No arrests have been made and authorities have not yet determined a motive.
More than 60 investigators from federal, state and local law enforcement agencies gathered evidence at the crime scene Tuesday and searched for the perpetrators who shot the women at the post office -- which doubles as a community center -- the station reports.
Mike Dunavant, the Lauderdale County District Attorney, said Monday that the suspect or suspects were armed and dangerous and said the killings were done with "disturbing violence."
Spray and Robinson were well-known to residents who often come to pick up their mail at the post office, which sits between a self-service car wash and a coin-operated laundry called "Mom's" in this western Tennessee town of about 1,200 people.
Ella Holloway, who lives within walking distance, was accustomed to seeing Robinson's smile when she went to the post office to buy stamps. Another local woman said she knew Spray, describing her as being "nice as can be" when she delivered the mail.
"She's always smiling, when I think of her, I think about a big smile, a big laugh," Robinson's brother, Andre Croom, told MyFoxMemphis.com.

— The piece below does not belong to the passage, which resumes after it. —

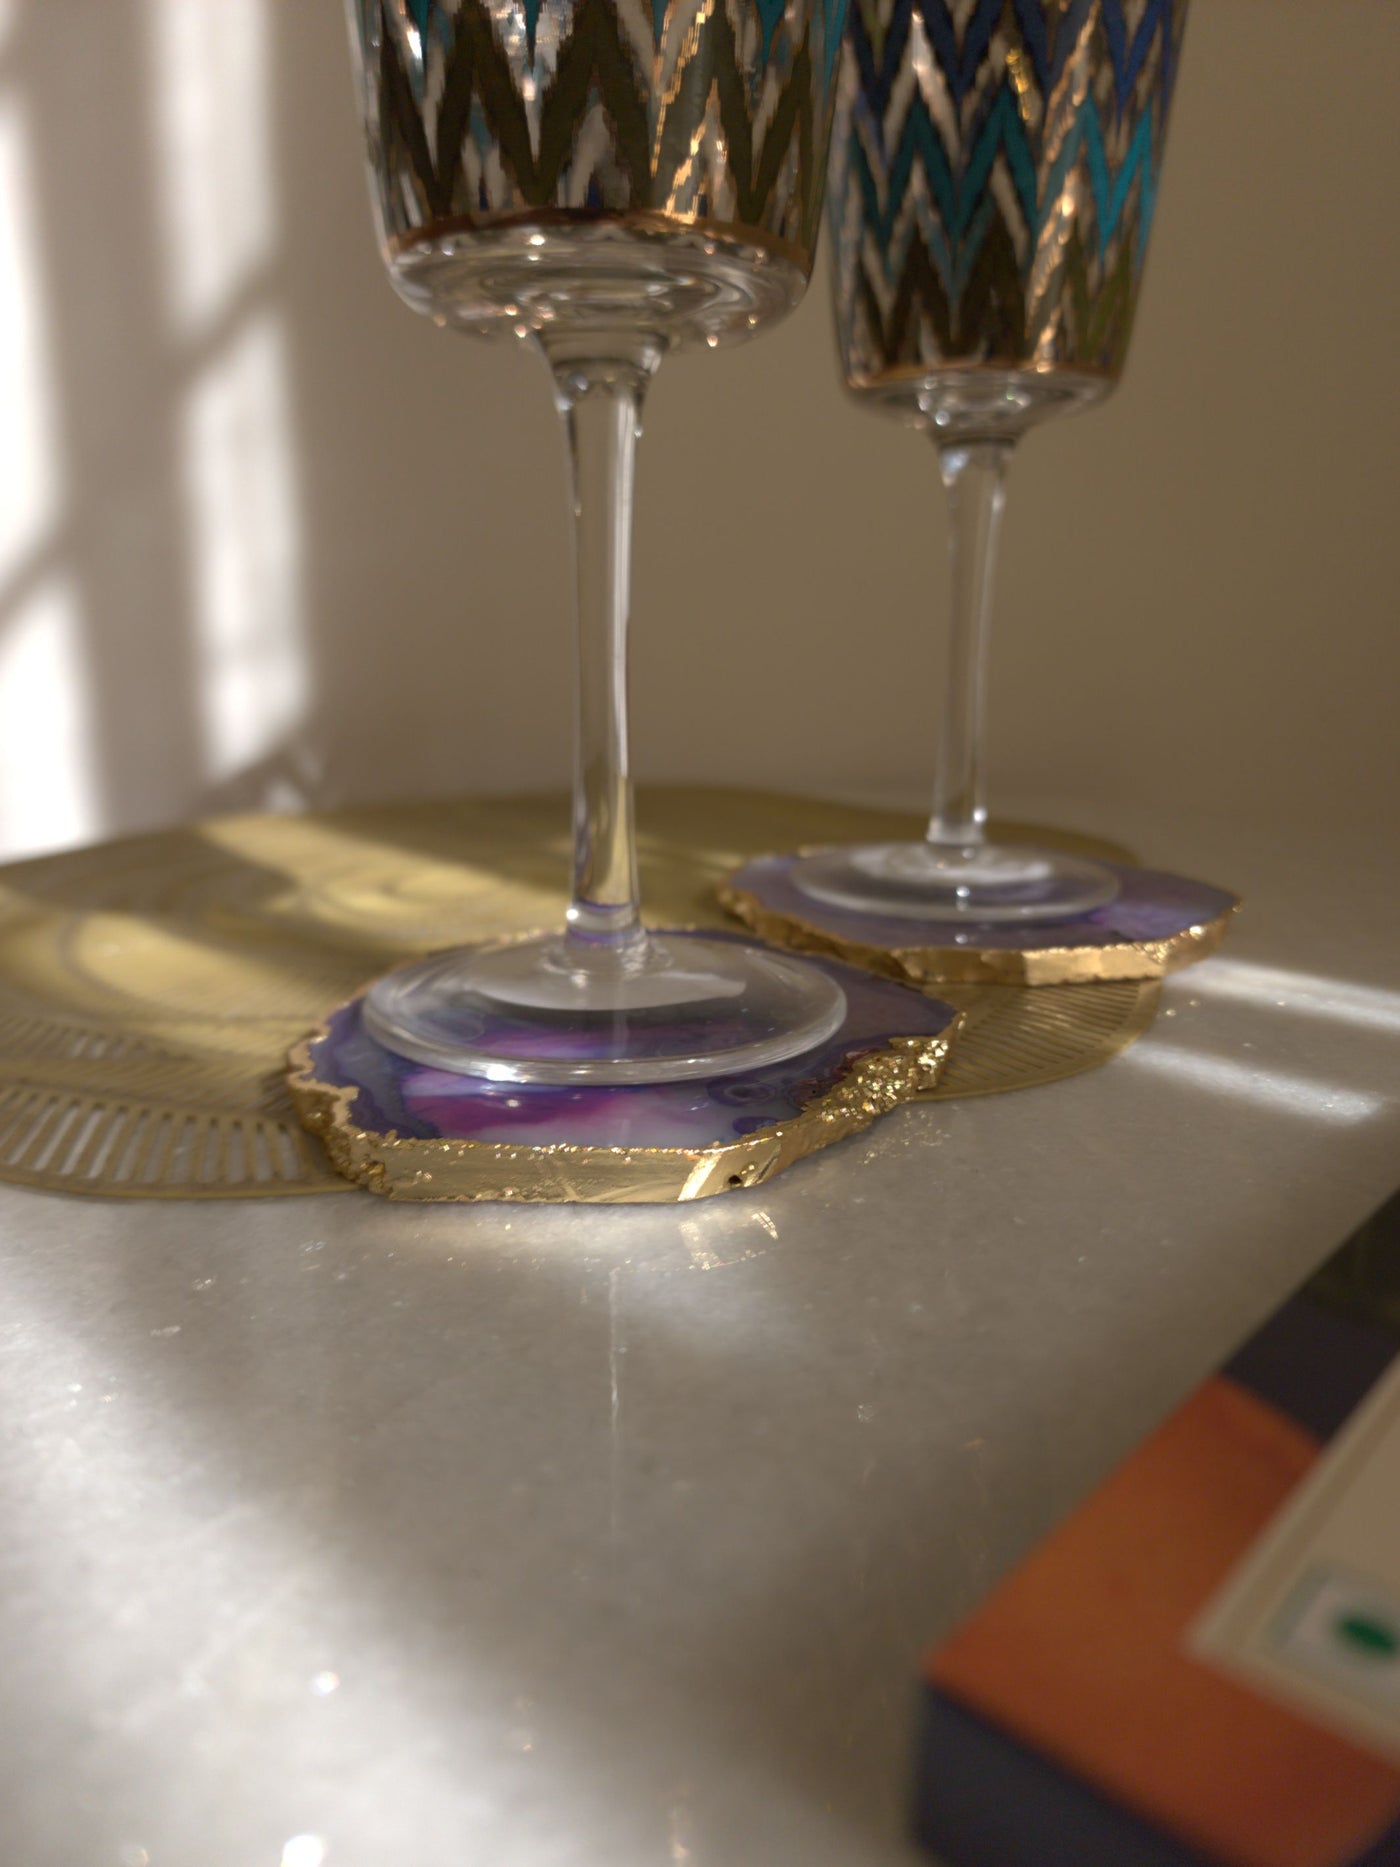 Agate Coaster Set Of 2 - Purple with Gold Plated Edge

Spray and Robinson were the only ones in the post office during the shooting, said Yulanda Burns, a spokeswoman for the U.S. postal inspection service.

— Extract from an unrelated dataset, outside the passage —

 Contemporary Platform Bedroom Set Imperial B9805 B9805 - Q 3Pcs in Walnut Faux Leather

Keith Morris, assistant inspector in charge of the U.S. Postal Inspection Service in Memphis, said officials have several possible motives. Authorities were urging the members of the public who may have information to contact investigators.
"We have a lot of theories that are in play at this point," he said.
Mary Hammock, who is a cook at the gas station within sight of the post office, said she had been in the post office about 8:25 a.m. Monday and noticed it was not as loud or busy as normal.
"I knew something didn't feel right because it was real quiet," she said. She returned to the gas station and heard police sirens about 15 minutes later.
"I might have been real close probably to losing my life," she said.
Gassing up his red pickup truck at the gas station Tuesday, farmer George Arender said residents are speculating on a motive, from robbery to a drug package delivery gone bad.
"They're devastated," Arender said. "They just can't figure out a motive for this."